### Required work
Using the listing below, please print exactly the lines from the one with "on the left" through the one with "Taschen4life Schultertasche Damen". Leave out every picture.

### Material to process
::::
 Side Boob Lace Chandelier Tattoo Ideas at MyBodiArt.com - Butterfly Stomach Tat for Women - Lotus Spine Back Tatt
::::
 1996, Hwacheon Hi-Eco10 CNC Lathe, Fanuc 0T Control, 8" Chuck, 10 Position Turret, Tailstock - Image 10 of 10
::::
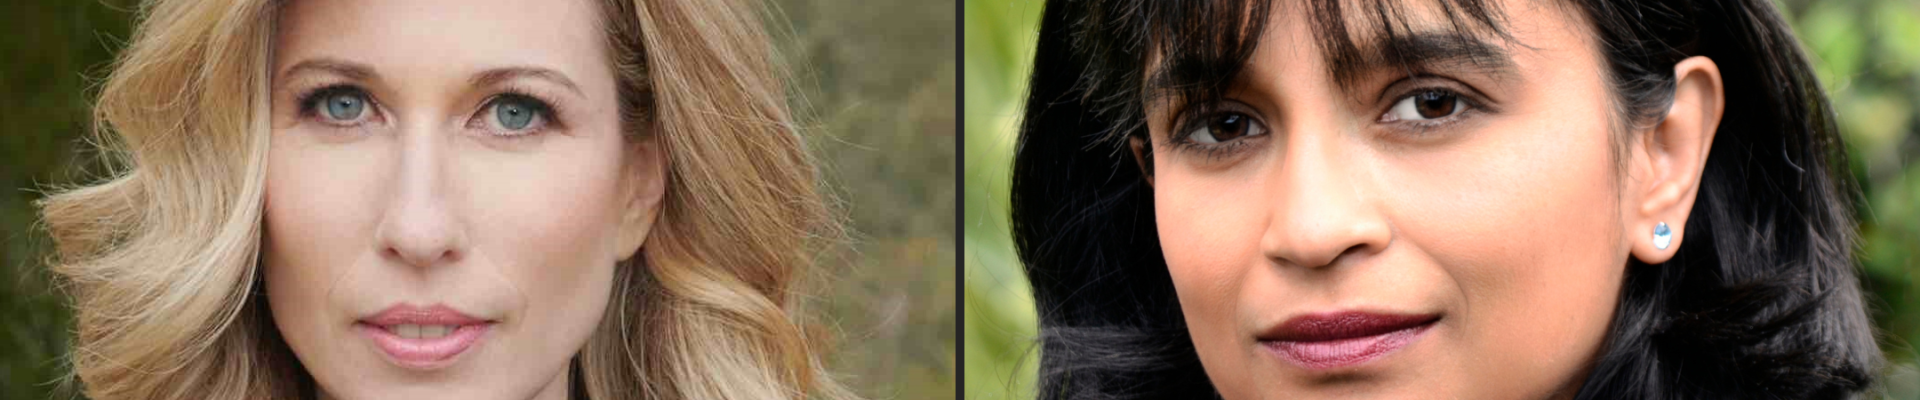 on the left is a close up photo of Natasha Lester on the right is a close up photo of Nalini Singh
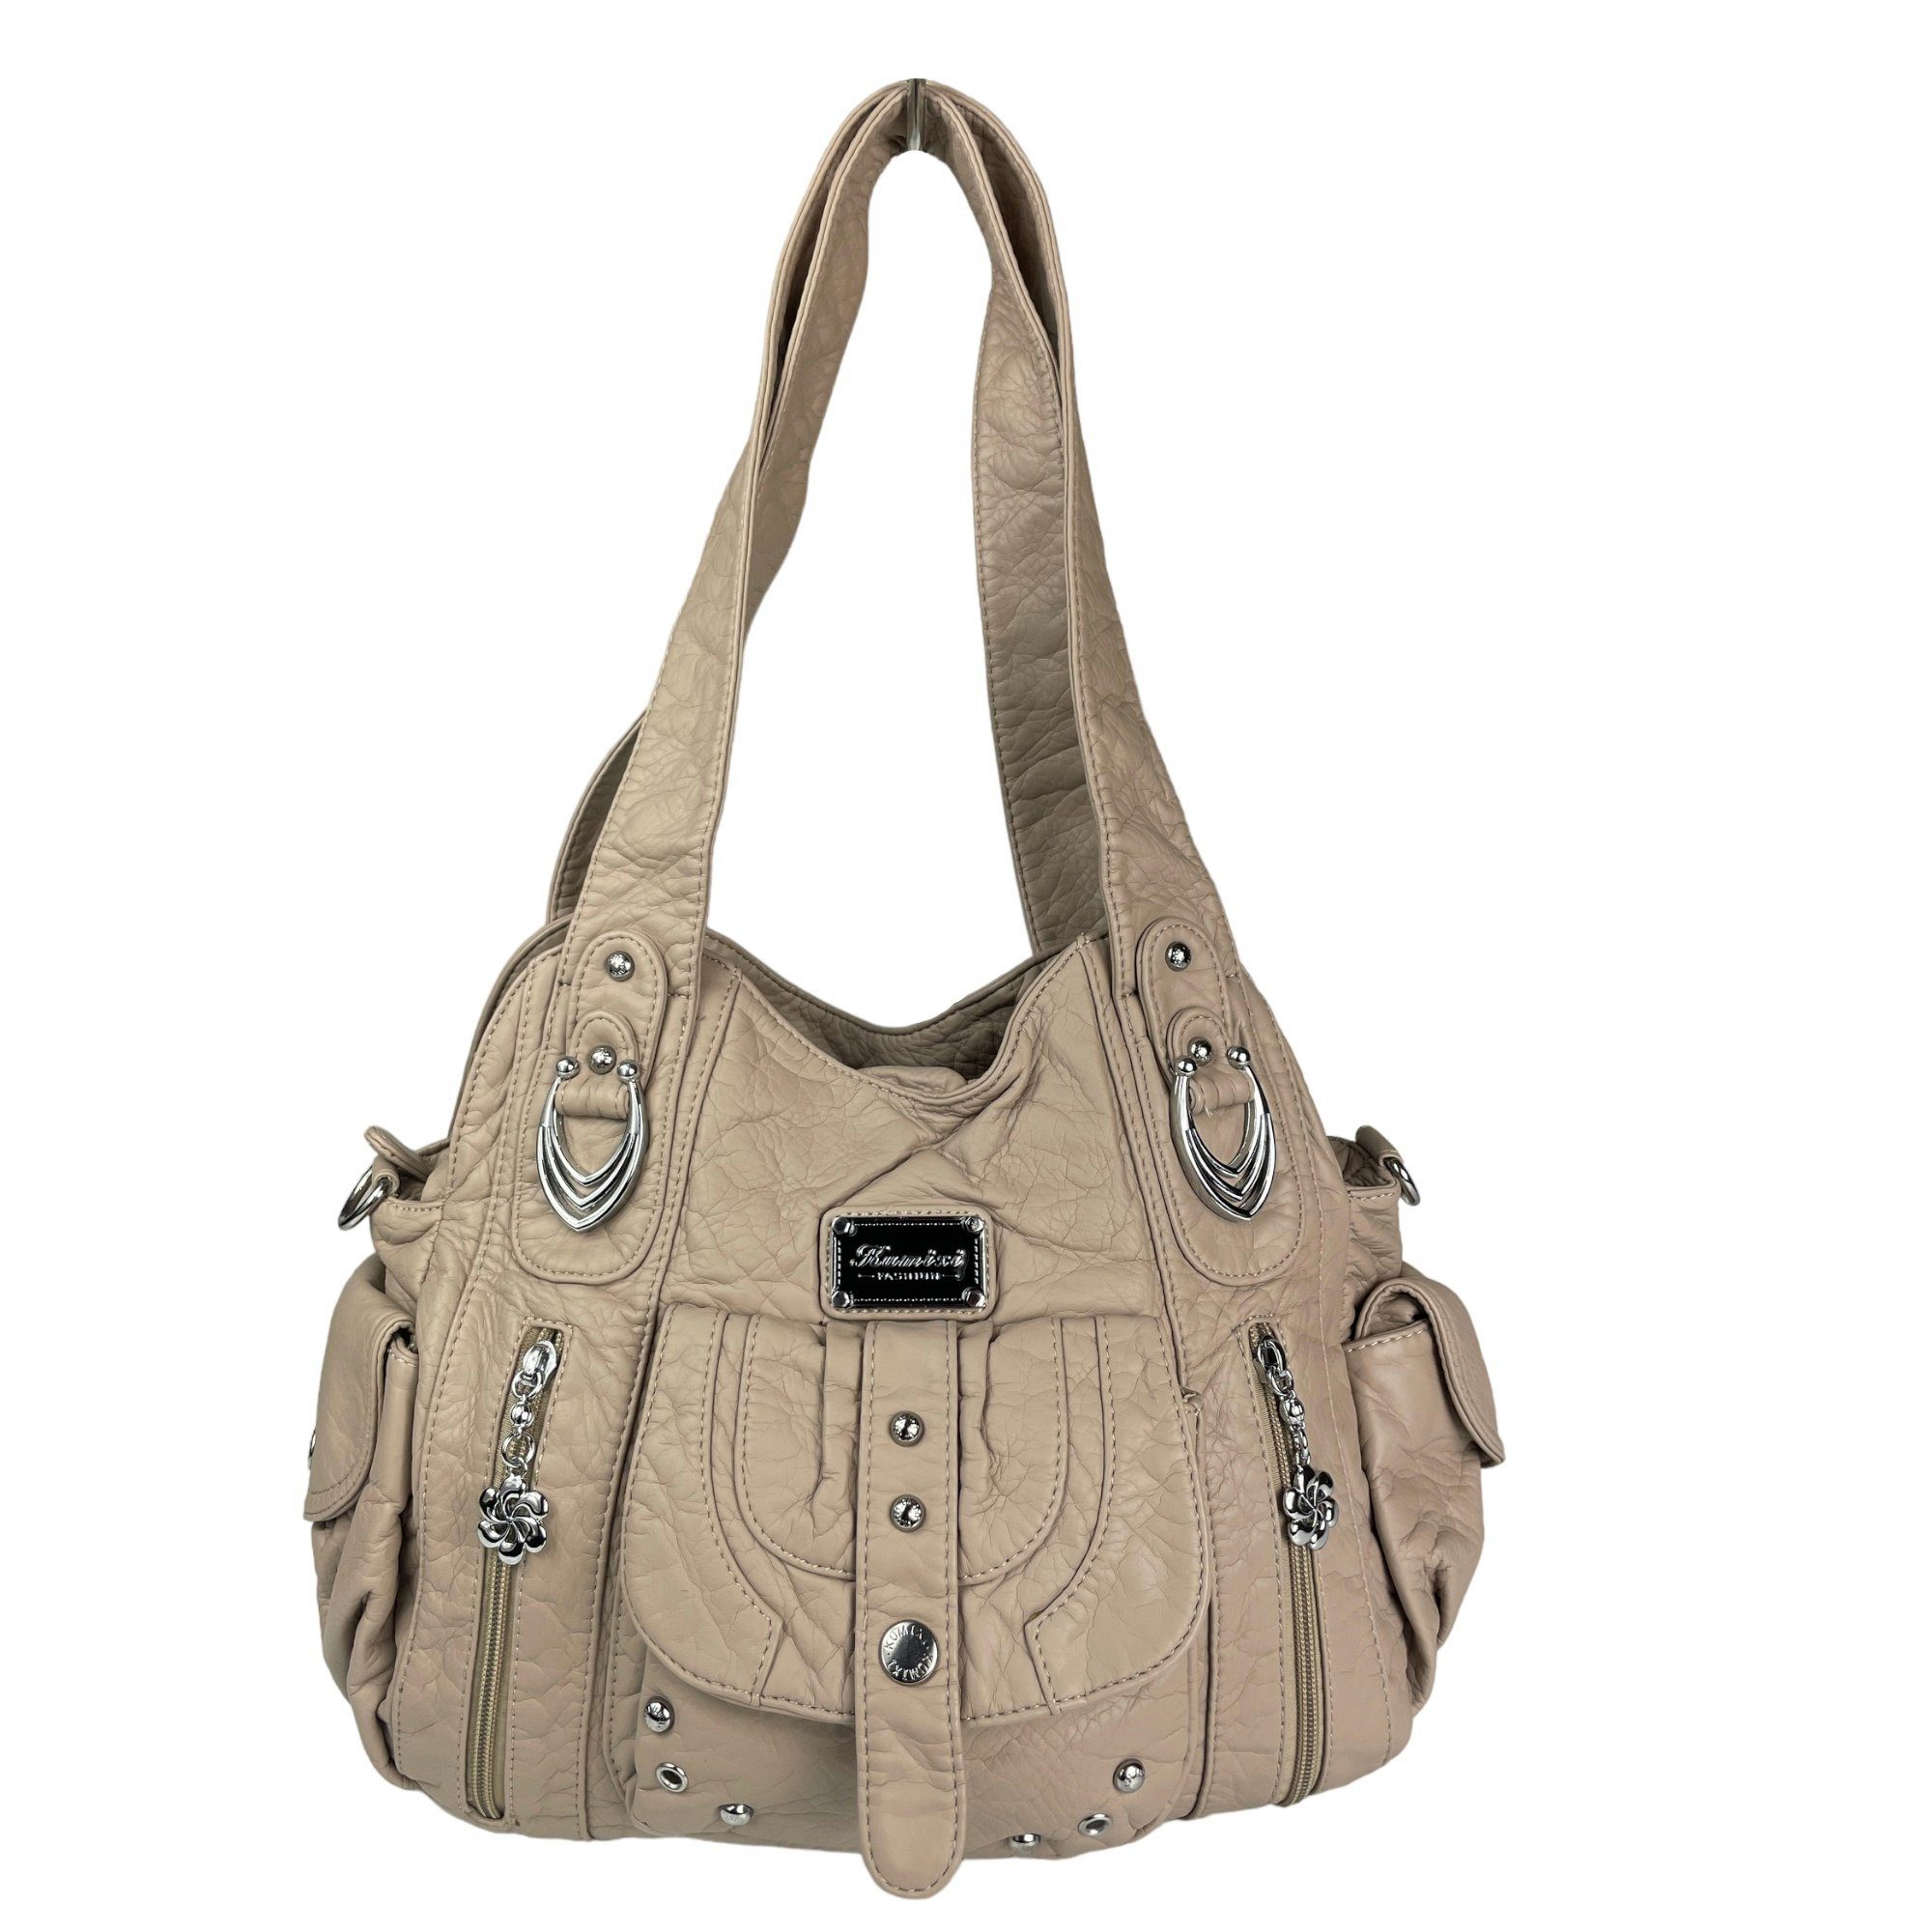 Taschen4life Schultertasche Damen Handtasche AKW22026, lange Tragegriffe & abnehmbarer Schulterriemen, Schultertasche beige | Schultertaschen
::::
### Solved problem
 on the left is a close up photo of Natasha Lester on the right is a close up photo of Nalini Singh
 Taschen4life Schultertasche Damen Handtasche AKW22026, lange Tragegriffe & abnehmbarer Schulterriemen, Schultertasche beige | Schultertaschen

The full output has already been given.